The answer must be only the lines below from the one holding "Windows XP is" down to the one holding "Le migrant syrien", ends included, printed exactly; please omit all pictures.

+++ RECORDS FOR PROCESSING

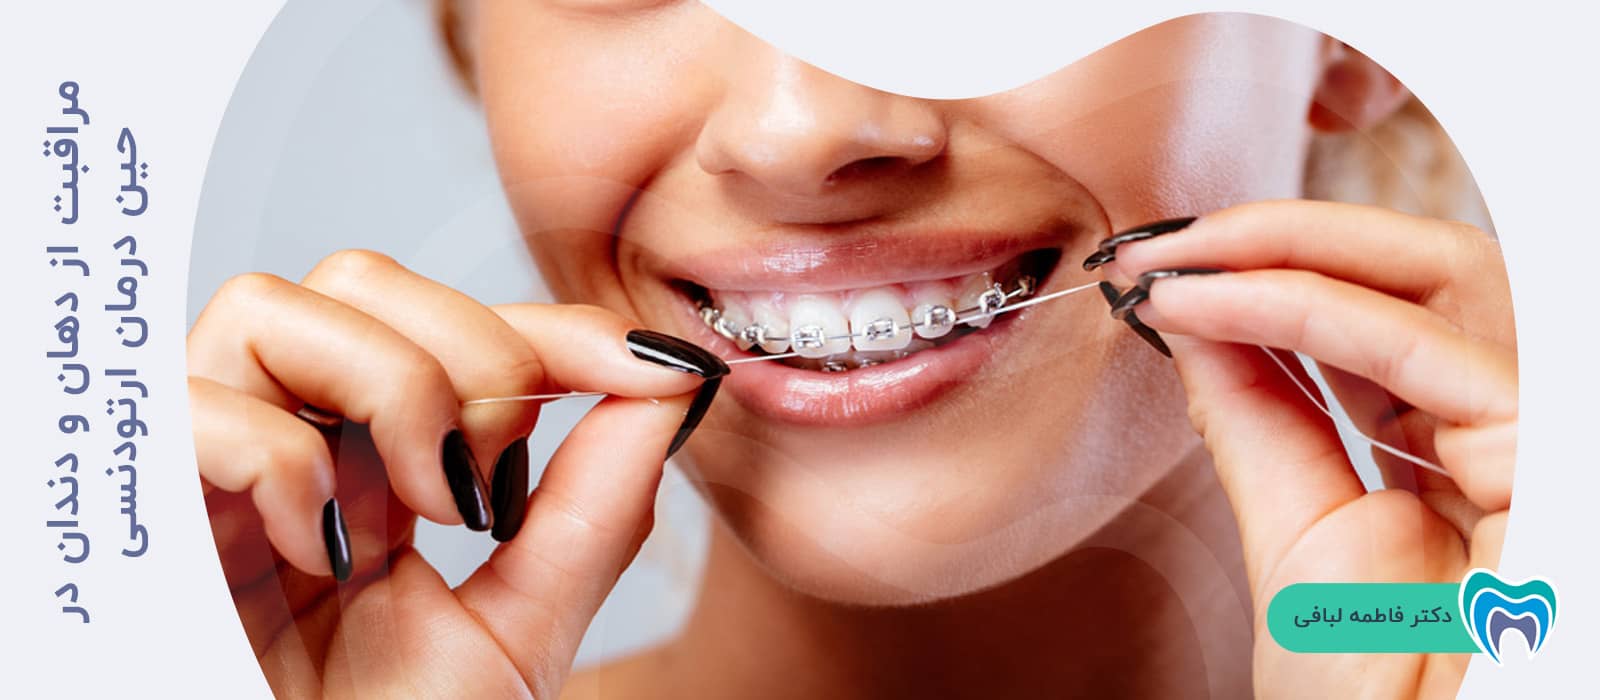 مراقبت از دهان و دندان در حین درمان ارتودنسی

++++++
+++ RECORDS FOR PROCESSING

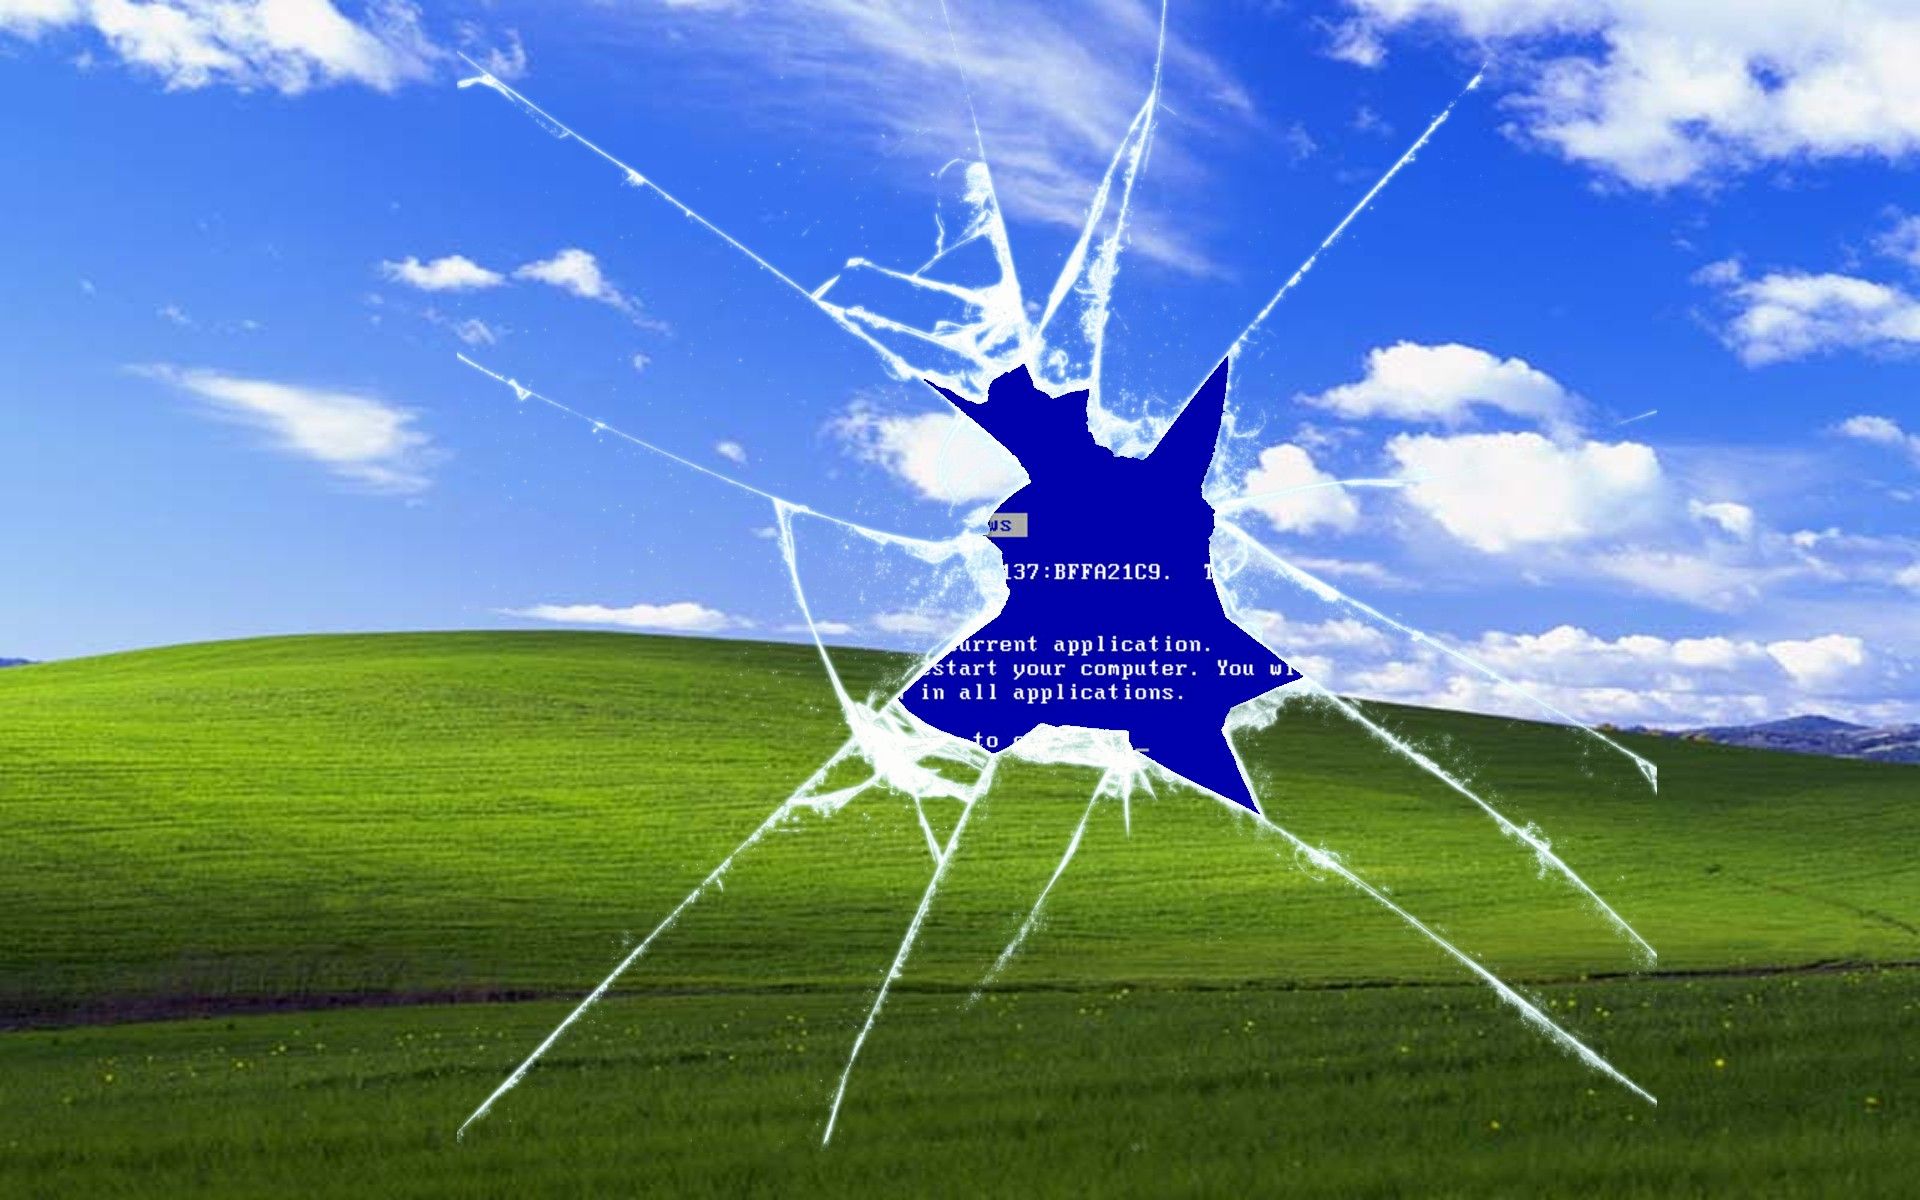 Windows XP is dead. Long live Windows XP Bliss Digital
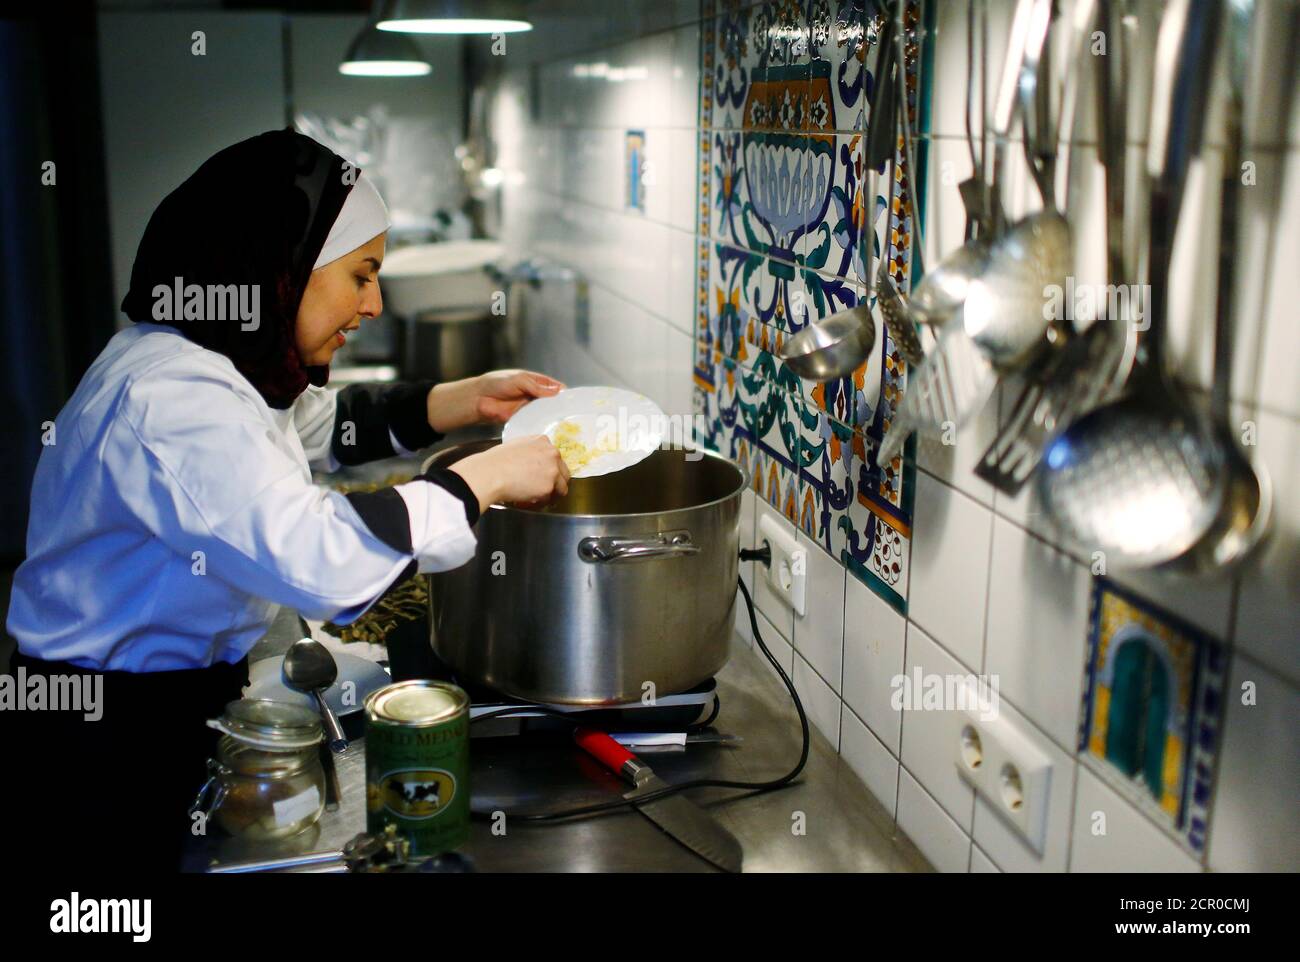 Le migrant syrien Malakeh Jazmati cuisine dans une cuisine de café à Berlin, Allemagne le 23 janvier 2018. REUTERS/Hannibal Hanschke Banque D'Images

++++++
+++ RECORDS FOR PROCESSING

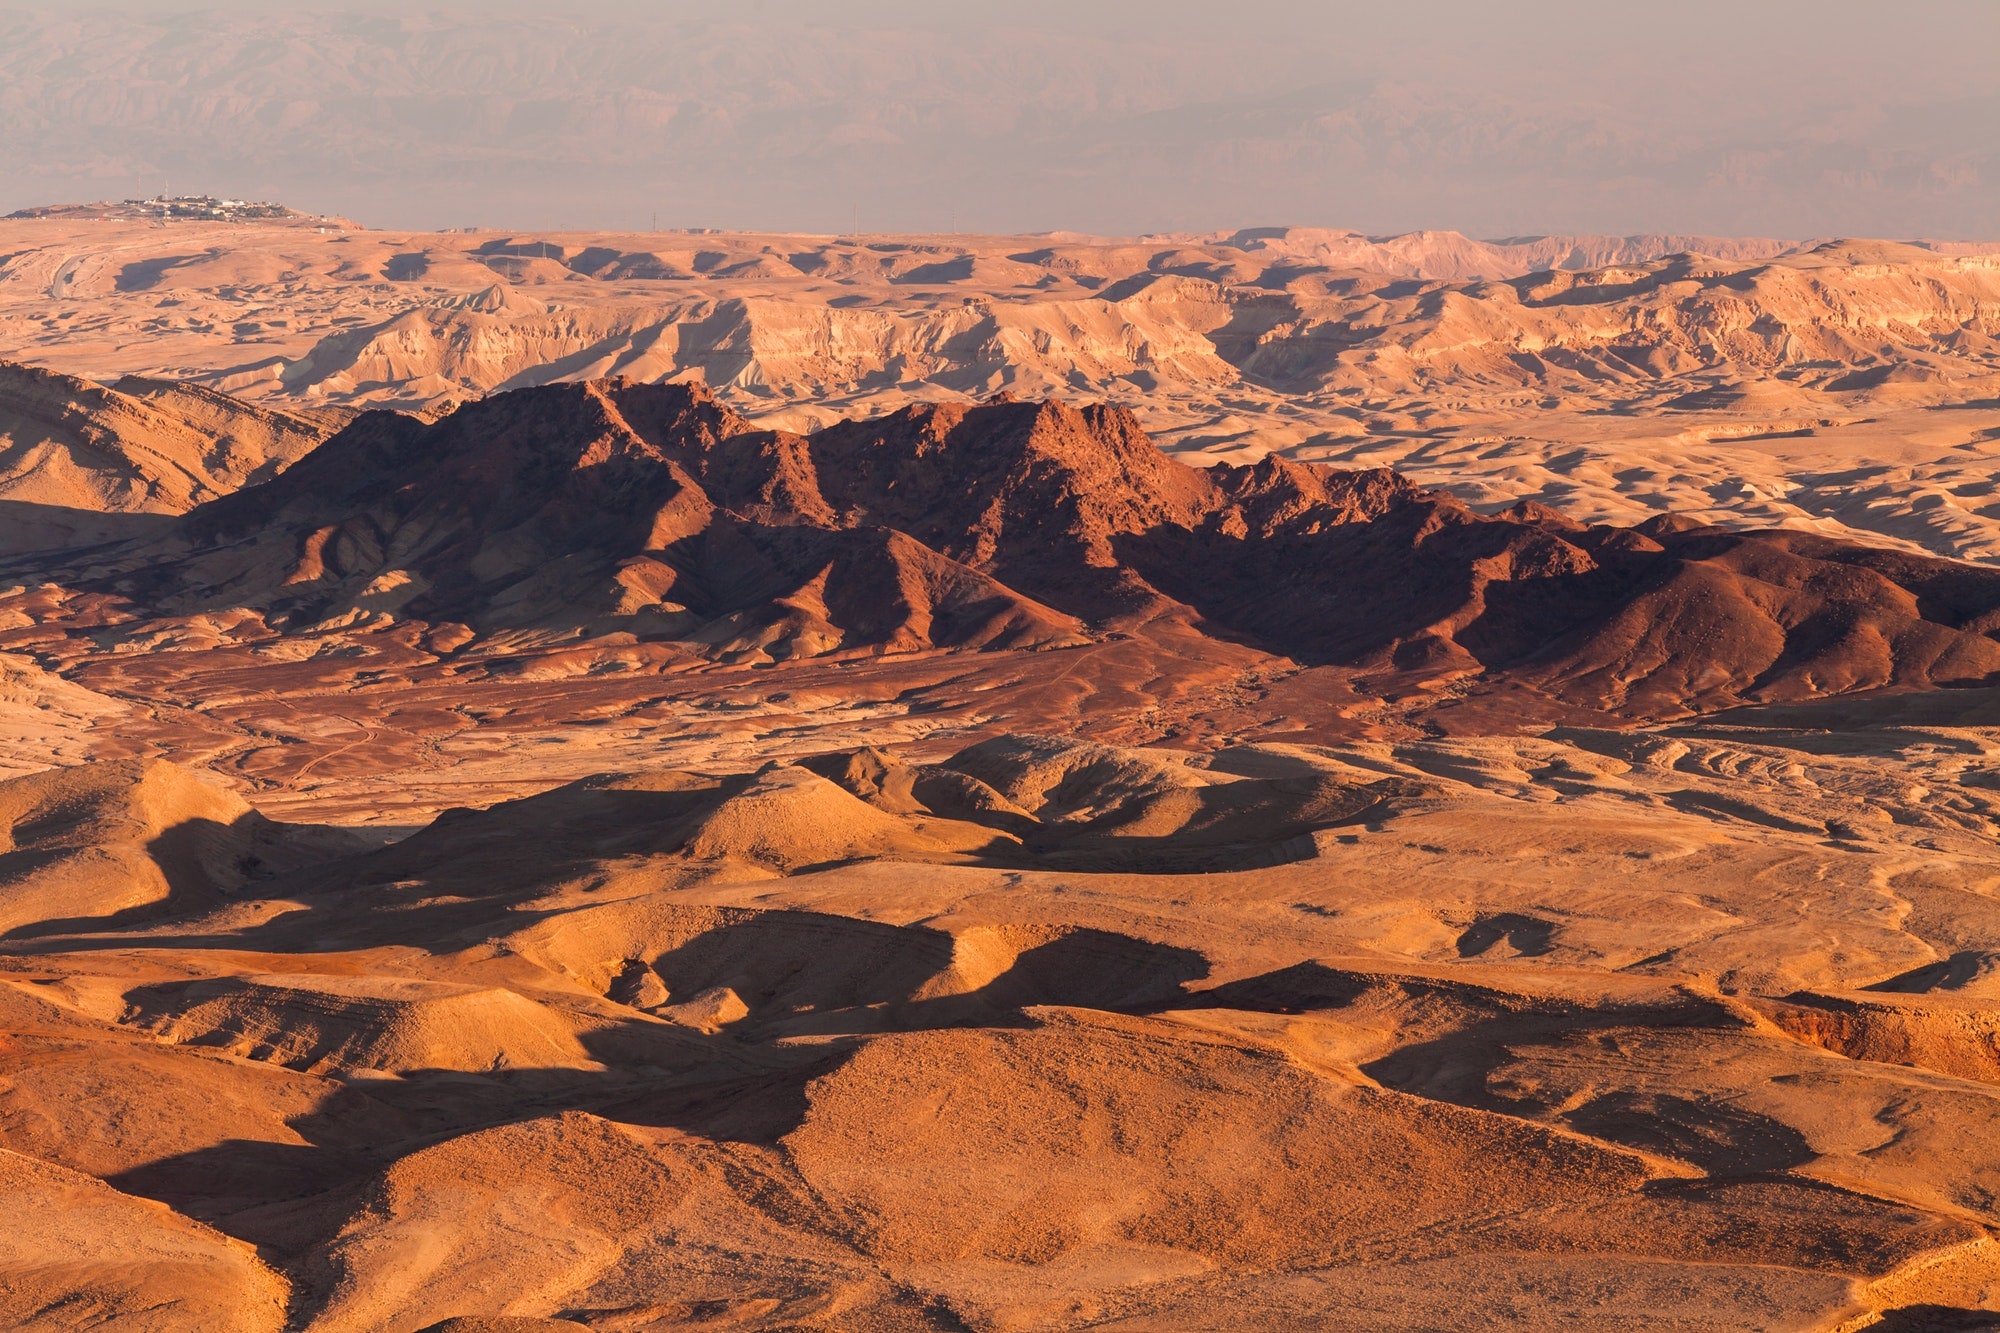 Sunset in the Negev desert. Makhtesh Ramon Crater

++++++

REPLY:
 Windows XP is dead. Long live Windows XP Bliss Digital
 Le migrant syrien Malakeh Jazmati cuisine dans une cuisine de café à Berlin, Allemagne le 23 janvier 2018. REUTERS/Hannibal Hanschke Banque D'Images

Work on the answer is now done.